We assembled a list of the categories in use and the number of community-asked questions that had been auto-categorized for that topic.
Then, we invited technical support staff who are familiar with our product line to participate in another bash. This time, we asked them to go to the website and navigate to a category for which they had technical expertise. They were to look at the top 10-20 answers shown for that category, and assess whether the results were good, bad, or unclear. They captured:
1. What category they examined.
2. A score of 1 (good), 0 (poor), or unknown.
3. Specific reasons why they chose the score they chose.
4. Suggestions for more applicable answers, if known, for the category, if they said it was poorly categorized.

After performing the subjective assessments, we then performed a numerical analysis on the data captured and identified:

Areas where we felt confident in our categorization.
Areas where the algorithm could be improved.
Areas where we needed additional testing.

We generated metrics and analyzed the data using objective and subjective validations to gauge the quality of categorizations.
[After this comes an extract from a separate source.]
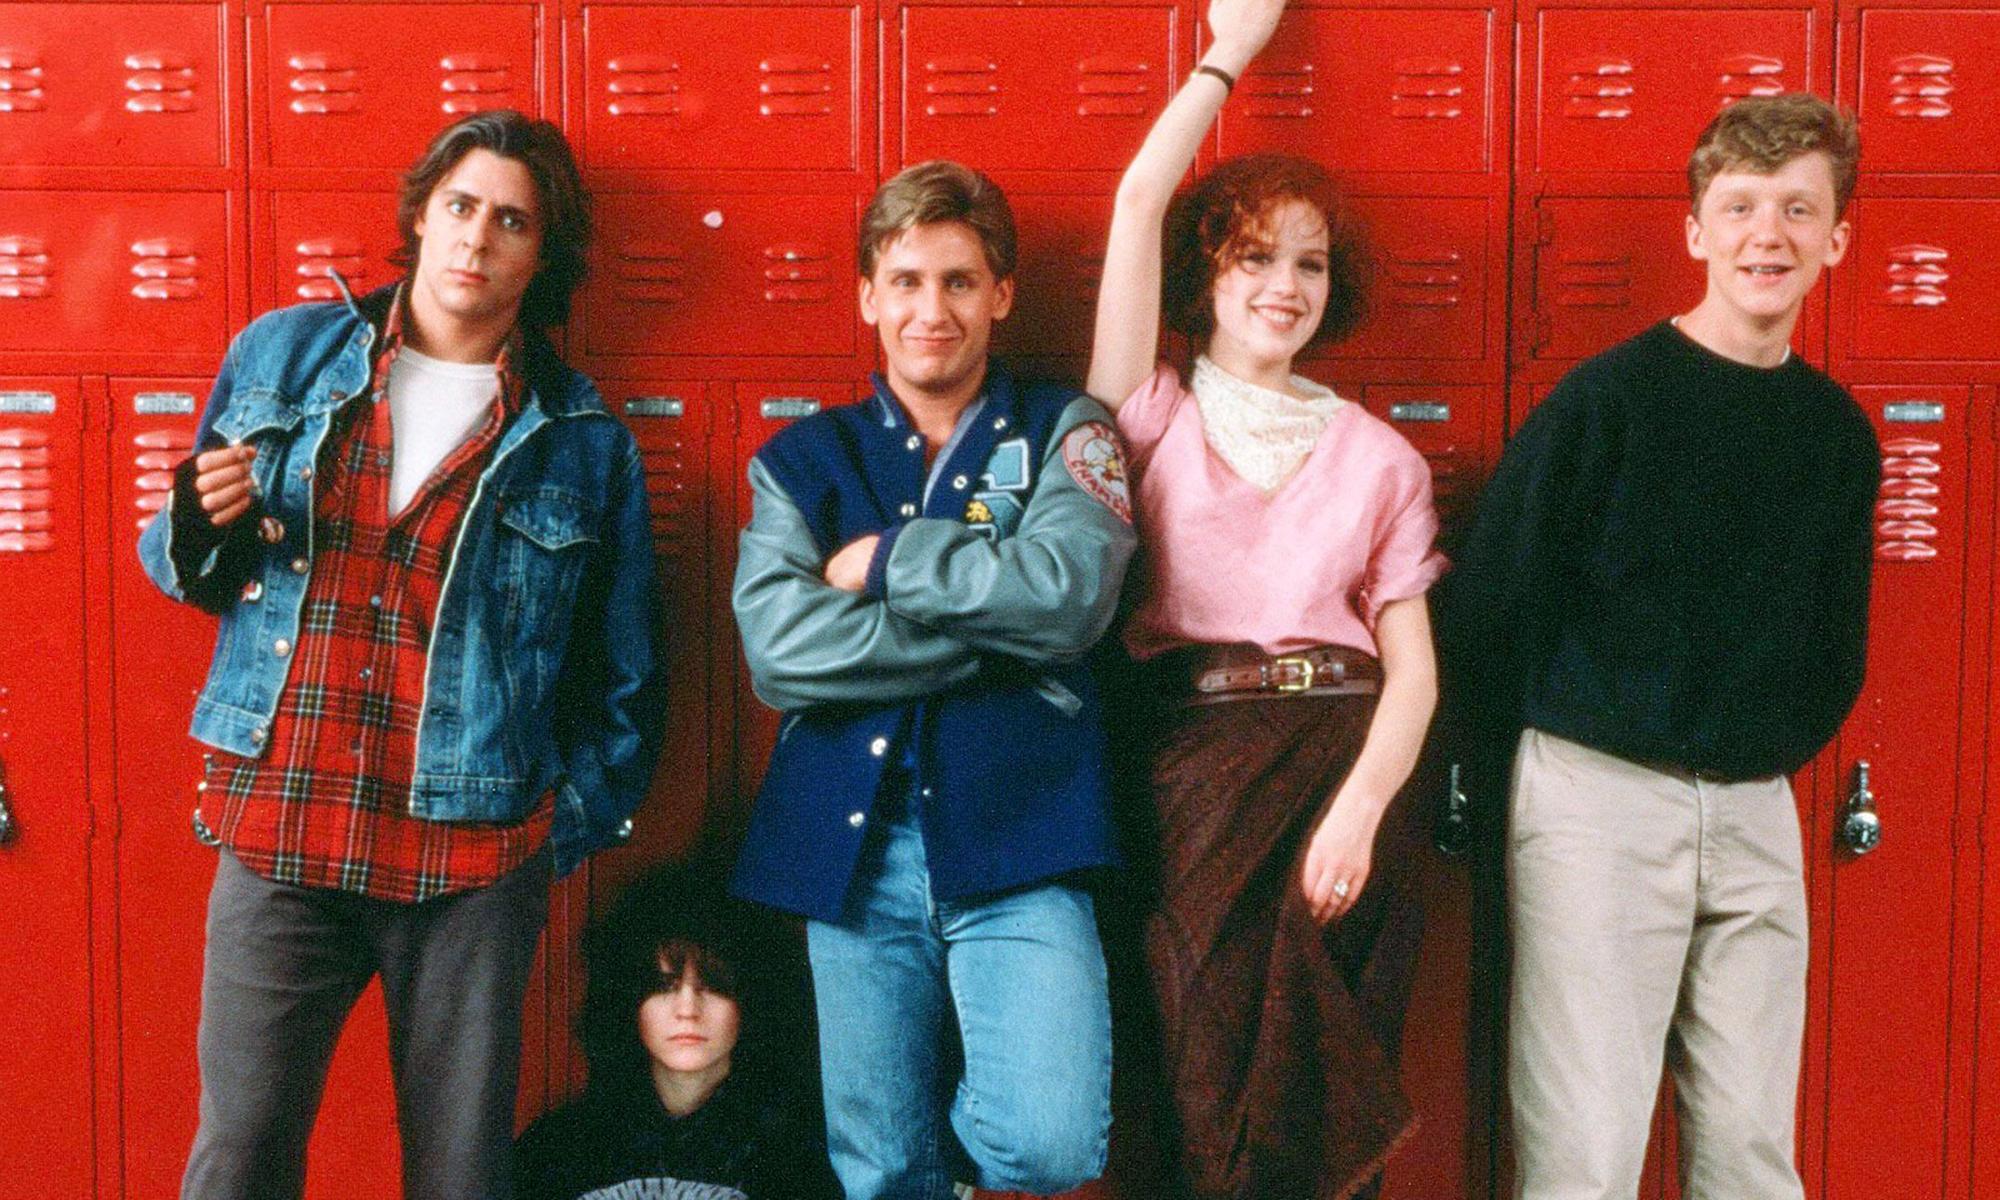 Clube dos Cinco: Relembrando um clássico dos anos 80

Overall, we were happy with the results.

That's it! 🙂 We have created a text classification model using MATLAB Deep Learning and Text Analytics Toolboxes that can automatically assign categories to more than 300,000 Answers. Using MATLAB, we can automatically categorize the in-flow of new and updated Answers daily as well. It was a unique solution that helped save us a lot of time and manual effort. It made our processes scalable and manageable.
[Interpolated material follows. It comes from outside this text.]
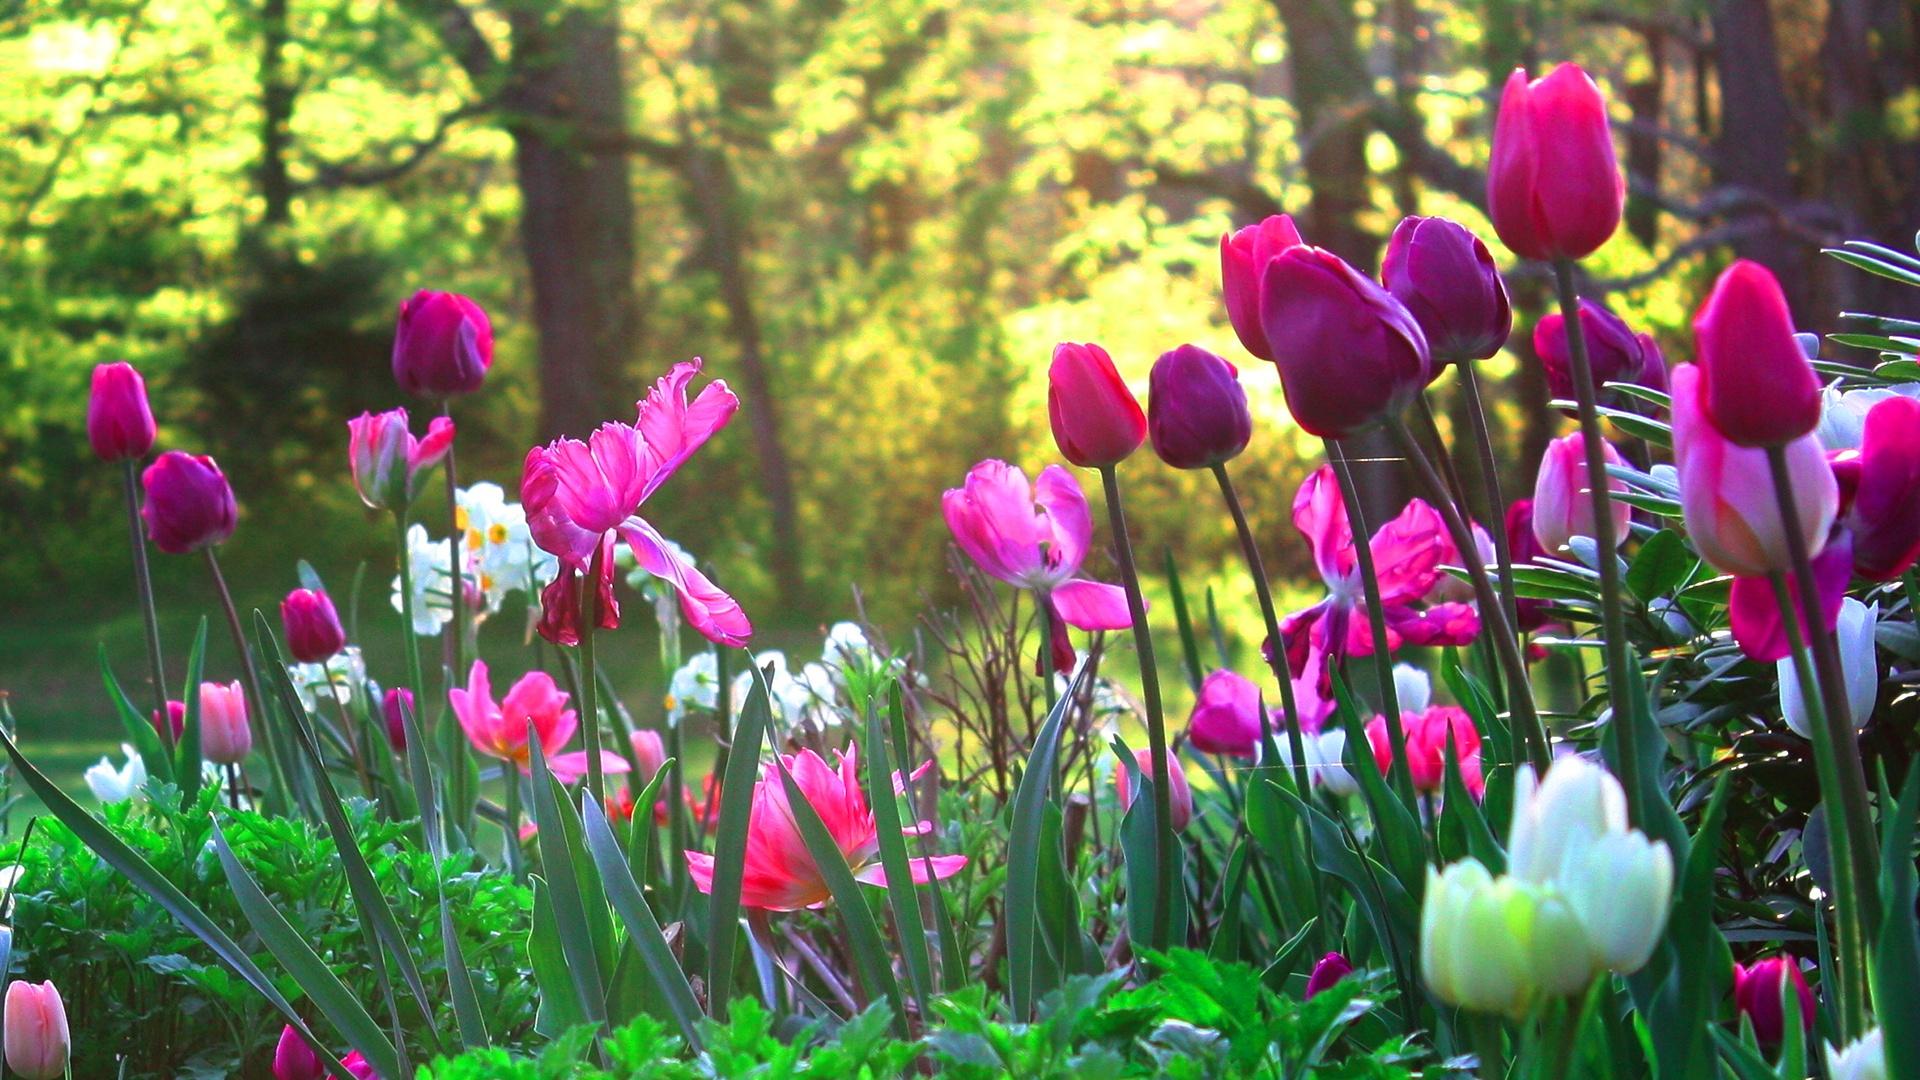 Flower Garden Wallpaper High Resolution images 1920x1080

Let me end this blog by sharing some interesting challenges of using AI techniques in the production environment, pro tips, and resources with you:

Interesting challenges of using AI techniques in the production environment

Refreshing the model regularly to prevent model decay: The MathWorks Documentation and the Category Taxonomy are updated every 6 months as part of the new release of MATLAB. We retrain the model with the updated training data and category labels. The updated model is then deployed to production so that the content is classified into the correct categories.
Identifying the categories that need our attention for optimal user experience: There are categories where we would like to enhance our model for better prediction outcomes. One way we are identifying such categories is by looking into the training data set. We find categories that lack manual training input provided by a human. The quality of classification in such categories is sub-optimal. We are looking at this data every 6 months when we re-train the model. We take help from the content experts within our organization to help with curation. This activity provides feedback to the model for improvements in future classification.
Developing automatic quality measurements and relevancy tests: We are developing ways to automate the validation of the model and classification process. We envision a process to execute our relevancy testing suite to analyze metrics automatically and notify us if there is an anomaly. The automation will help us save development time during data refreshes and model upgrades.

Pro Tips

My general recommendation when you are thinking of using AI in production to solve a problem would be to start with something that is easy to understand and debug, and then evolve to a more complicated process (like using neural networks) if it yields better results.
Prototype, prototype, and prototype! Don't be afraid of failing. AI can be complicated. Applying AI to solve the complicated problems is even harder. You need to get your hands in the clay sometimes to understand if AI techniques can or cannot work for you.
The truth about your data might surprise you. Using AI techniques often reveals some interesting patterns about your data. The patterns could help to identify interesting use-cases/issues that you might not have thought about.

Resources to learn more

Create Simple Text Model for Classification is an excellent example to get started with a simple text classification model. It is a simple text classifier that uses a bag-of-words model.
Classify Text Data Using Deep Learning is another excellent example to classify text data using an LSTM network. It is a complex text classifier but can return some great results even for cold-start problems.